Ou seja, viver ao serviço da construção duma comunidade, que
realmente seja o povo de Deus. Um povo onde Deus e seu projeto
de vida e plena felicidade para o homem e para todos os homens,
sejam o único Senhor.
Um povo, portanto, onde não existem outros "senhores", como
poder, ter, saber, prazer, consumo, conforto, o Eu, honra, segurança
... e onde, também não governem os suditos desses "senhores":
injustiça, opressão, ambição, arrogância, violência, marginalização,
medo, indiferença, egoísmo, lei do mais forte, destruição,
autoritarismo, manipulação, desigualdade e morte ...
Ser um povo sacerdotal consiste em não erguer barreiras entre a
existência concreta e o relacionamento com Deus, ou entre o
relacionamento com Deus e a existência real, mas uni-los o mais
intimamente possível, para que a vida humana seja completamente
transformada, graças à mediação de Cristo que comunica a força
(poder) do Espírito, para tornar a vida humana uma oferta contínua
de abertura e disponibilidade filial a Deus e de serviço fraterno aos
homens.

Um sonho para o novo perfil da Igreja do século XXI


A experiência de fé da comunidade à qual a primeira carta de Pedro
é dirigida oferece pistas para iluminar a realidade. Além disso, ela
convida-nos a uma profunda conversão para construir um novo
perfil da Igreja: o povo de Deus, o povo sacerdotal que atende às
demandas de nosso tempo.
Essa conversão fundamenta-se na exigência de retornar ao
encontro com Jesus Cristo, em sua Palavra, no irmão e,
especialmente, nos pobres. Para ser cada vez mais:

• Uma igreja em permanente conversão. Conversão que


abrange não apenas a dimensão pessoal, mas também a dimensão
comunitária e pastoral. Uma conversão que também implica a
mudança de estruturas internas e modos de interação com a
sociedade.

• Uma igreja de comunhão que favorece a participação e


a ministerialidade, que promove os diferentes carismas da
comunidade e que é realmente uma proposta de fraternidade na
comunidade.
• Uma Igreja solidária, aberta e próxima das mulheres e
homens de hoje, especialmente aqueles que trabalham para tornar
nossa sociedade mais humana e fraterna.

• Uma igreja samaritana (Lc 10,25-37), especialmente


comprometida com a causa daqueles que foram excluídos. E
trabalha por a globalização da solidariedade.

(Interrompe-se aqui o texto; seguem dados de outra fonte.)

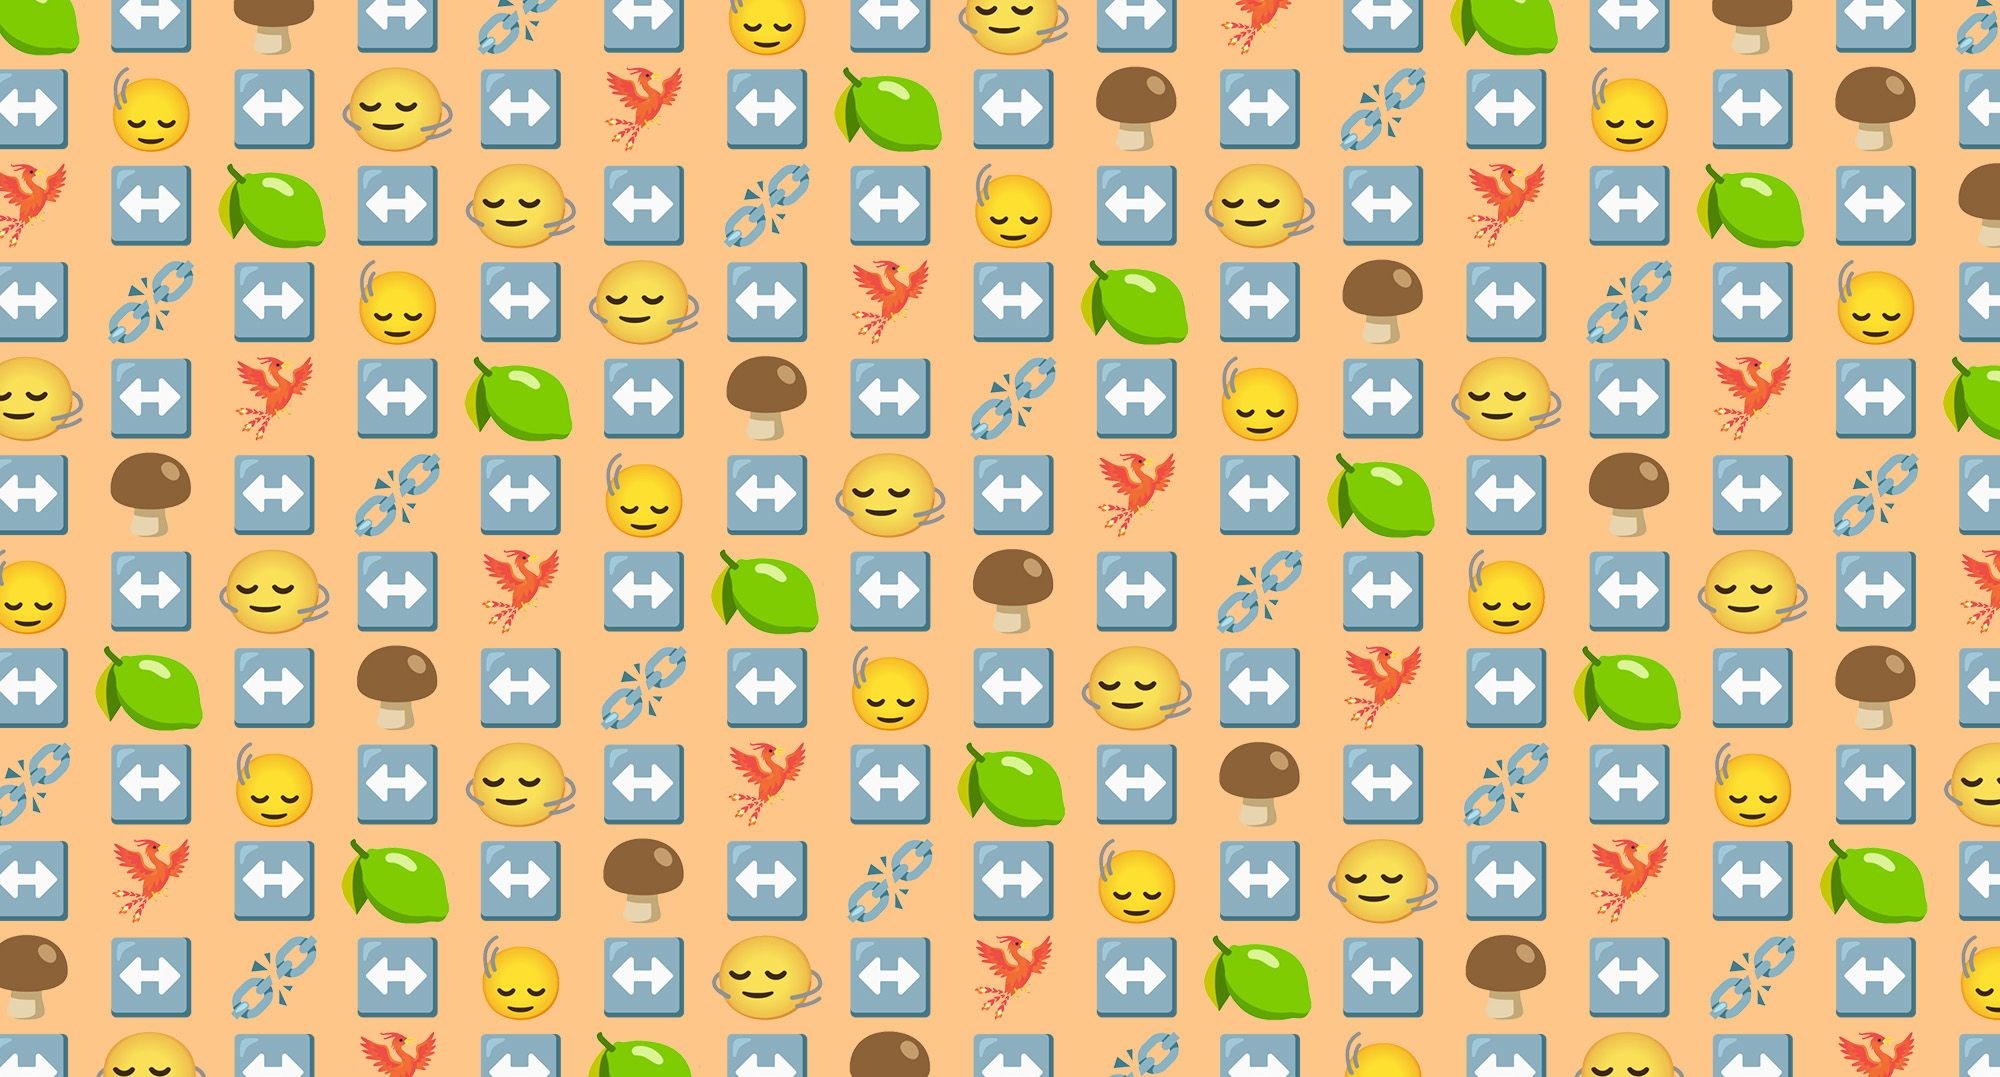 2023'te kullanıma sunulması planlanan 6 yeni emoji ortaya çıktı

• Uma Igreja inculturada que aborda o diálogo com as


culturas a partir da riqueza do Evangelho, que promove as
identidades quebradas pela cultura dominante e que trabalha
decisivamente a favor da vida.

• Uma Igreja missionária, fiel e criativa, que permanece em


busca, que tenta oferecer novas respostas pastorais aos novos
tempos.

• Finalmente, uma Igreja próxima ao Evangelho e ao


Reino, que discerne os sinais dos tempos e continua sendo uma
proposta alternativa para a sociedade atual.